To determine exactly what kind of captive program we need we must first consider what would be an appropriate overall goal. For example: to secure P. corroboree in the wild. We must then define appropriate objectives to achieve this. For example: to establish 5 sites each with 500 breeding adults. We must also specify a structure for these populations: 500 breeding adults released as 4 year olds yesterday is vastly different to a population that has been established slowly. For example we might specify 500 adults at a range of ages including sub-adults and juveniles coming through from previous years breeding or release.
Once we have agreed upon a goal and objectives we must decide how to achieve them.
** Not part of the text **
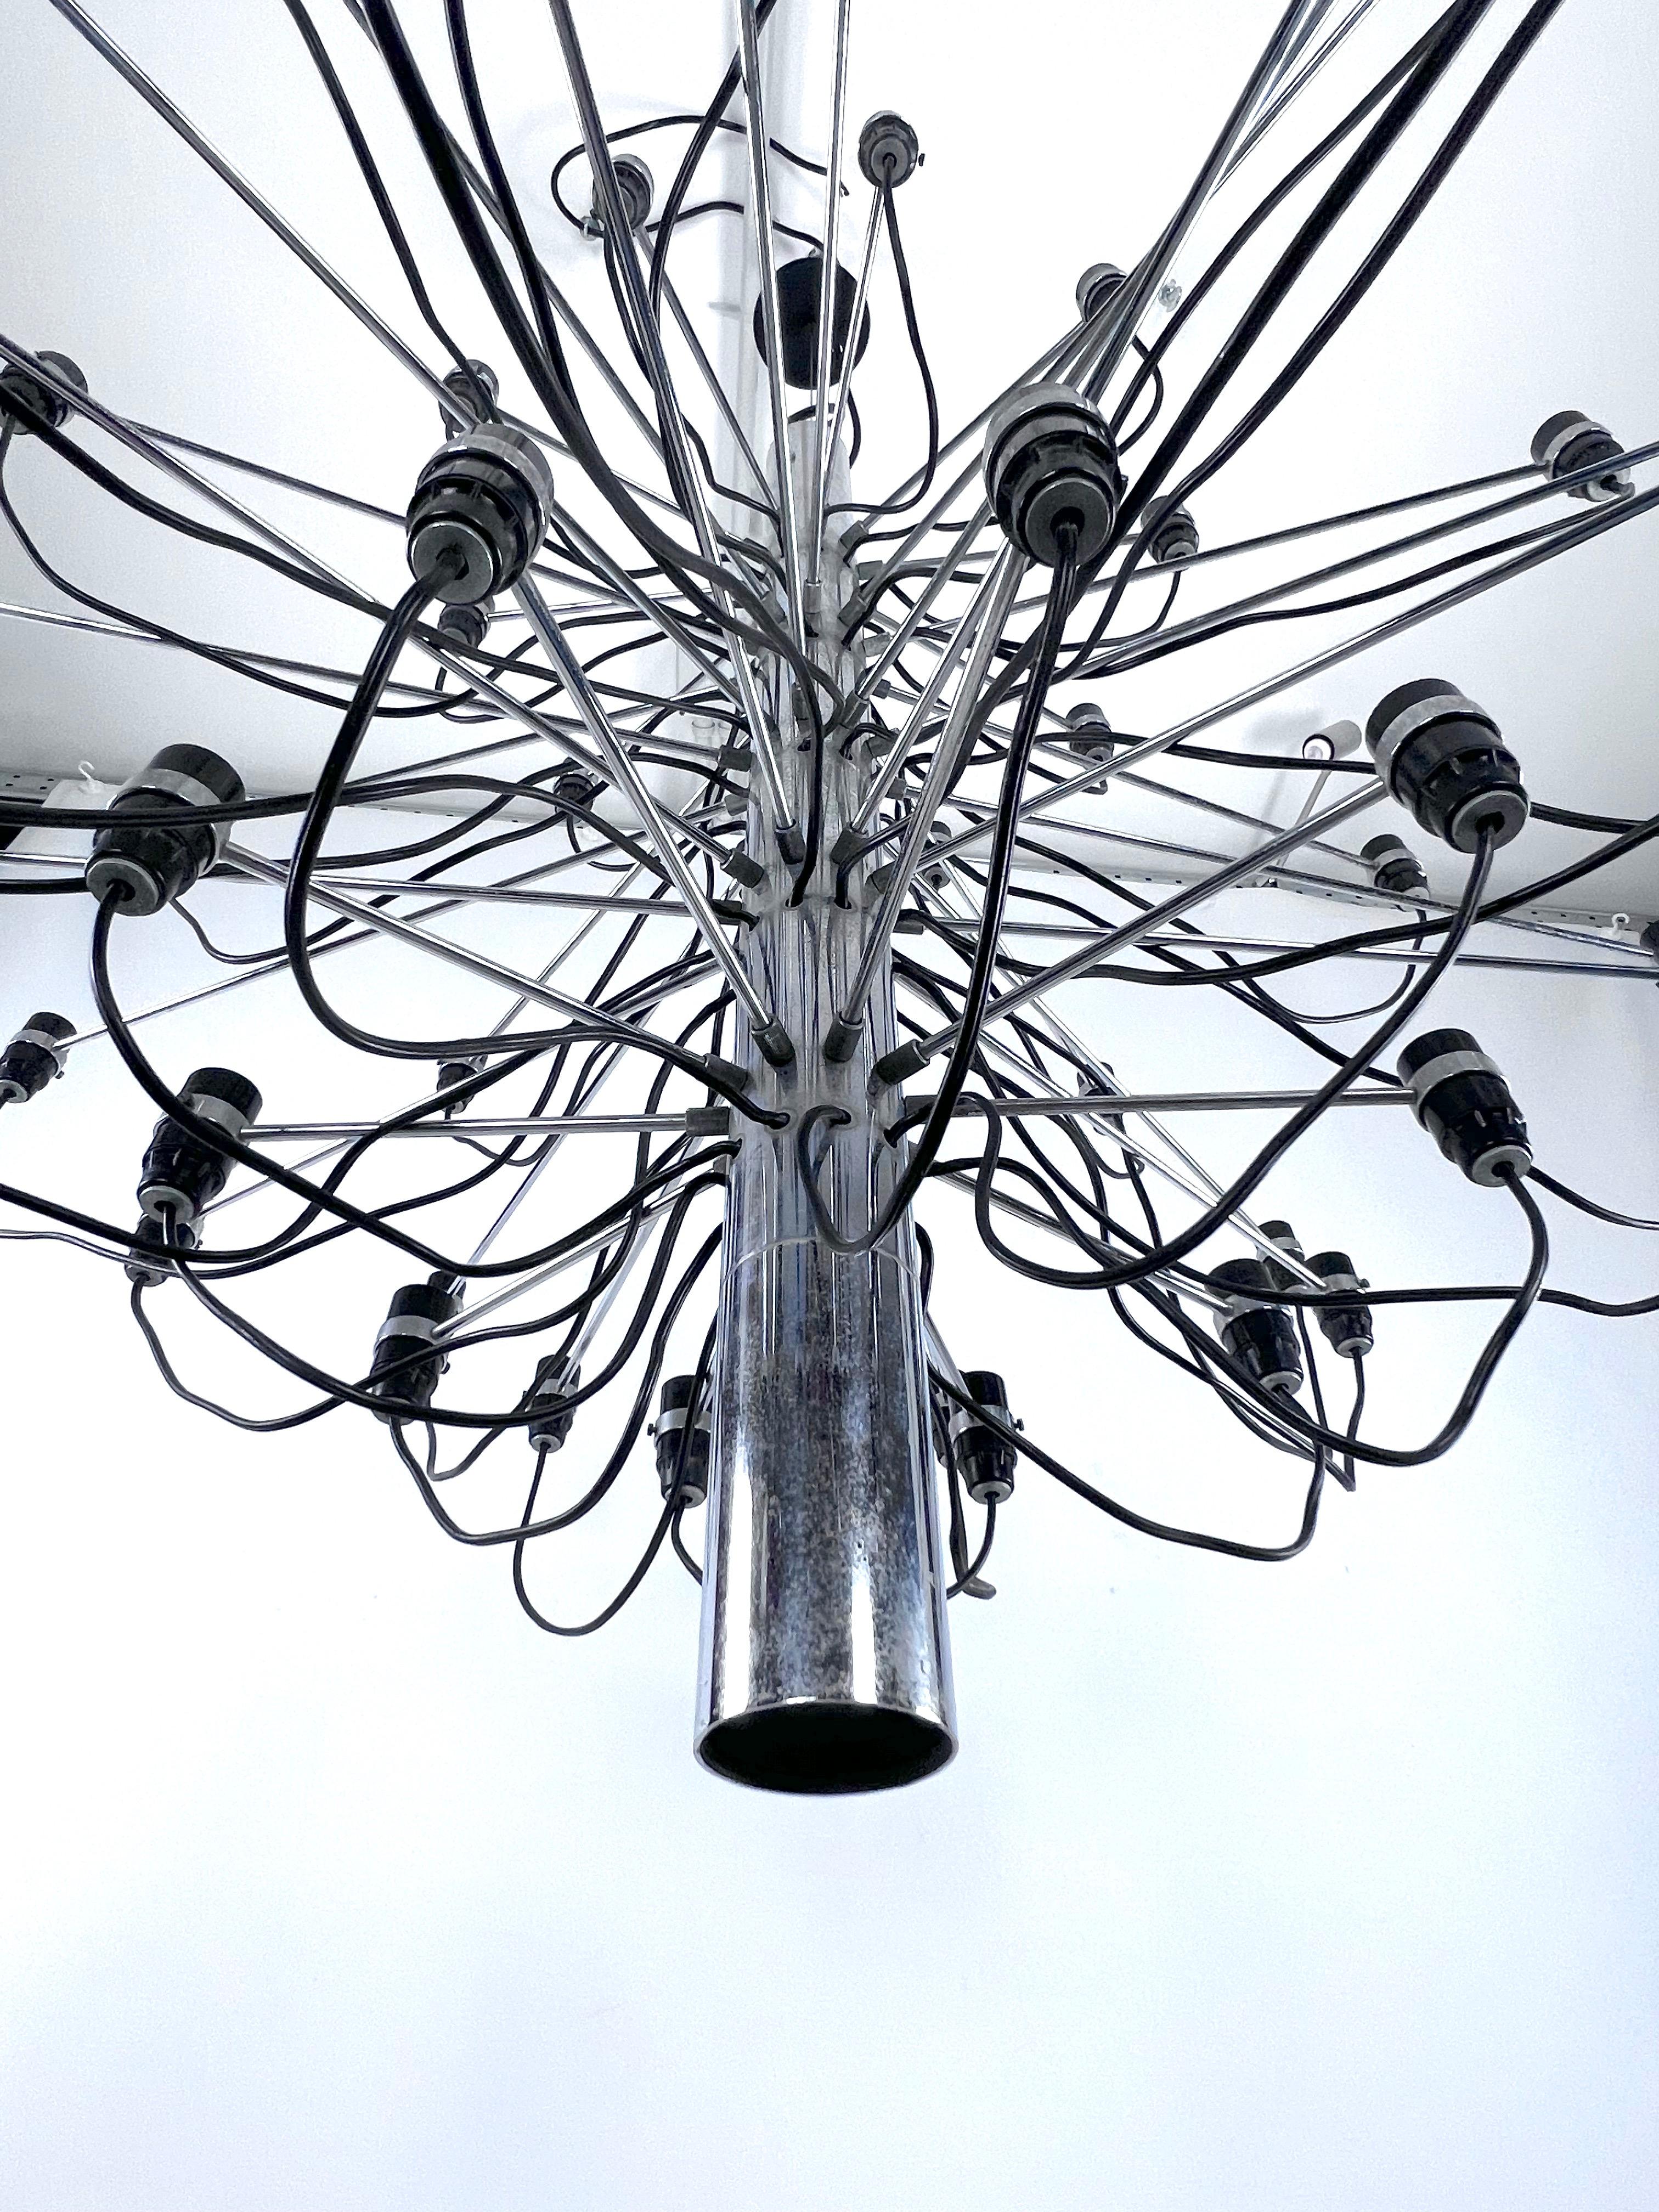 Mid-Century Modern early serie of Arteluce chandelier model 2097 with 50 lights. Designed by Gino Sarfatti in 1958 and produced in Italy. Labeled with the Arteluce early sticker from 50s.

Good original vintage condition with no damages but normal

Do we build a multi-age population in captivity and then install it in the wild or do we release only one type of animal each year and keep doing this until the population reaches the desired level. If so what do we release - tadpoles, 2 year olds, adults? Do we do this at one site at a time or at several? It is almost certain that we will not know the answer to these questions until several years after we have been releasing animals at each life stage. It is therefore imperative that the captive breeding and release program is carried out, documented and monitored in such a way that we learn about what works and what does not work.